Ignoring him, Humphrey addressed the others. ‘May I present Sir Robert Bruce, the Earl of Carrick.’

‘Of course,’ said one knight, nodding to Robert from the couch where he was sprawled. He was stocky, with thick blond hair and a lazy smile that wasn’t quite reflected in his eyes, a chilly shade of blue. ‘Your family owns lands near mine in Yorkshire, Sir Robert. My father knows yours well. I’m Henry Percy, Lord of Alnwick.’

There was a natural haughtiness in the man’s tone, which by now was quite familiar to Robert. He recognised the name and knew the young man was the grandson of Earl John de Warenne.

Another youth, barely out of adolescence and wearing a bold grin, raised a hand in greeting. ‘Welcome, Sir Robert. I’m Thomas.’

Robert inclined his head. A few nodded in return, the rest striking up their conversations once more. Eventually, the black-haired knight turned his hostile gaze away.

‘Don’t pay Aymer any heed,’ murmured Humphrey, leading Robert to where a servant was standing with a jug of wine. At Humphrey’s gesture, the servant poured two goblets. ‘He is just sore that I beat him today.’

‘Aymer?’

Humphrey took a sip of wine. ‘Aymer de Valence.’ He motioned subtly to the black-haired knight. ‘Son and heir of Sir William de Valence, the Earl of Pembroke. You must have heard of him.’

Robert had. His grandfather had fought alongside William de Valence at the Battle of Lewes and his father had been on campaign with him in Wales. A half-brother of Henry, born and raised in Poitou, Valence had come to England as a young man and had been one of the main causes of the war between the king and Simon de Montfort.

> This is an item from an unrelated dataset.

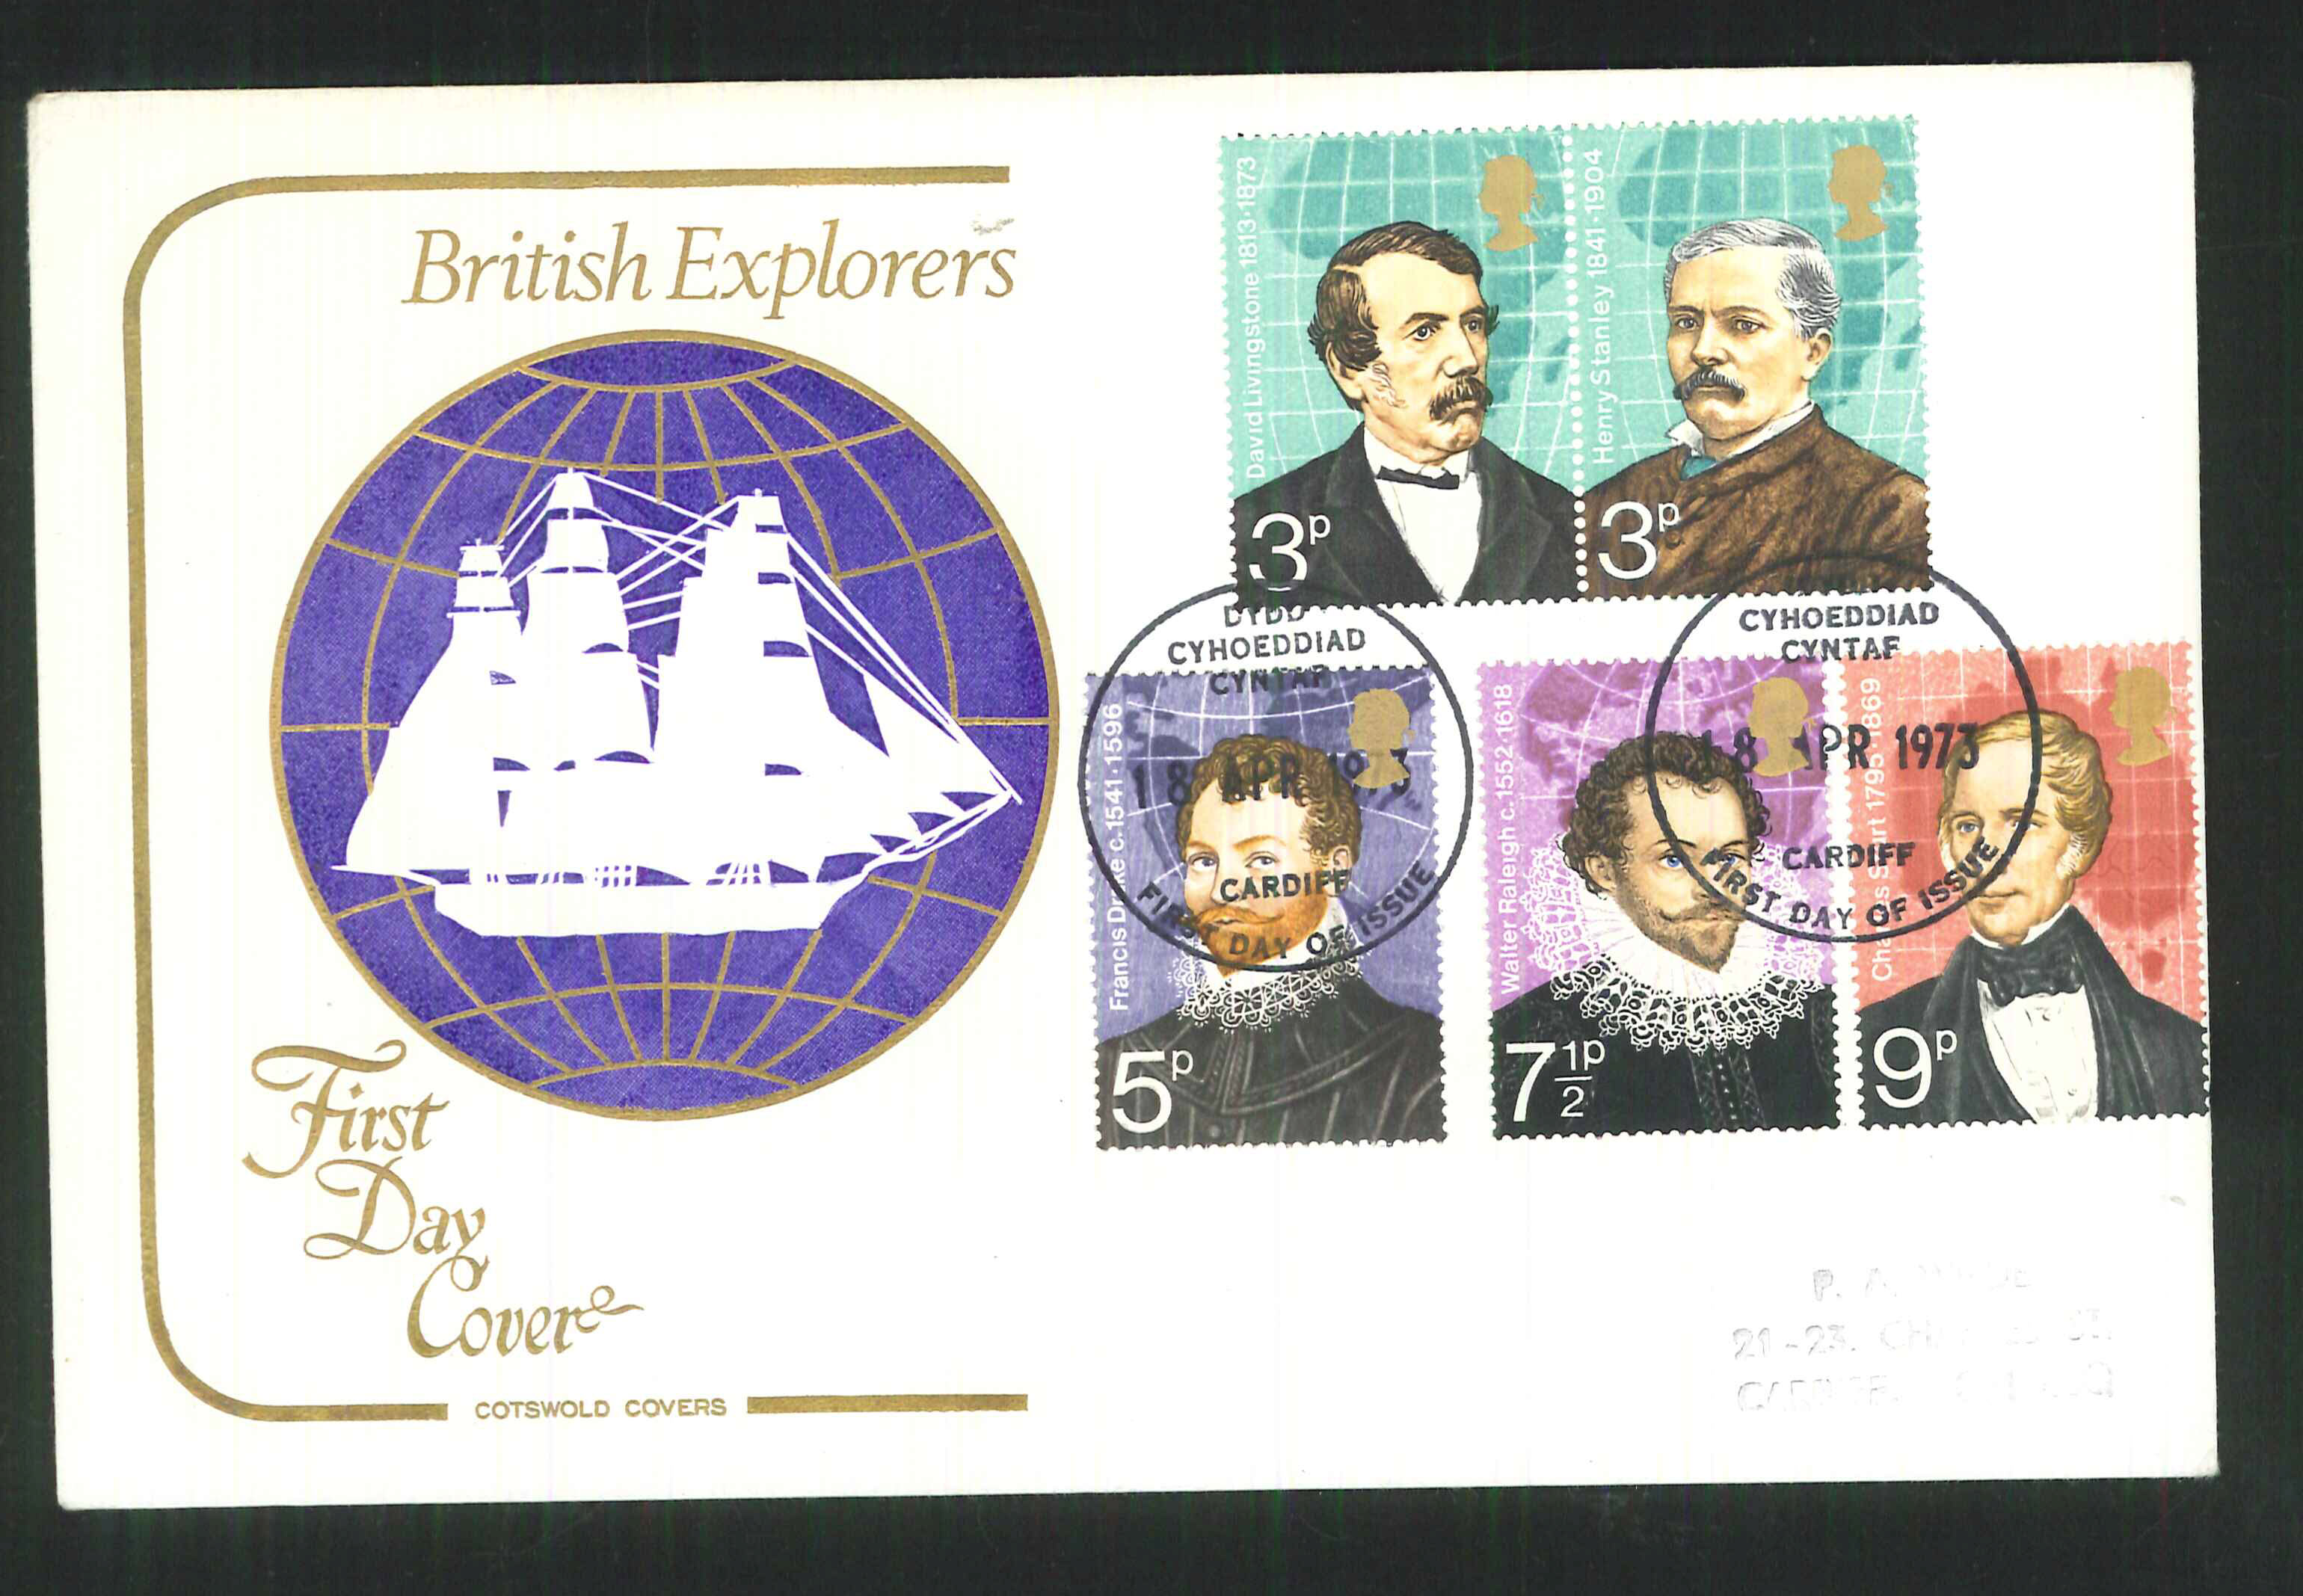 1973 Cotswold British Explorers FDC Cardiff Postmark - Click Image to Close

If Aymer was William’s son that made him King Edward’s cousin. ‘I know the Valences by reputation,’ he said carefully.

Humphrey chuckled, seeming to get his meaning, then pointed to the youth who had introduced himself as Thomas. ‘That’s Thomas of Lancaster, son of Earl Edmund, the king’s brother.’

‘I don’t think I saw him in the joust today.’

‘You wouldn’t have. He’s only sixteen.’ Humphrey pursed his lips appreciatively. ‘But he’ll be in the lists the day he’s dubbed. I’ve never seen anyone so good so young.’ Polishing off his wine and handing the goblet to the servant for refilling, Humphrey gestured, one by one, to the other men in the chamber.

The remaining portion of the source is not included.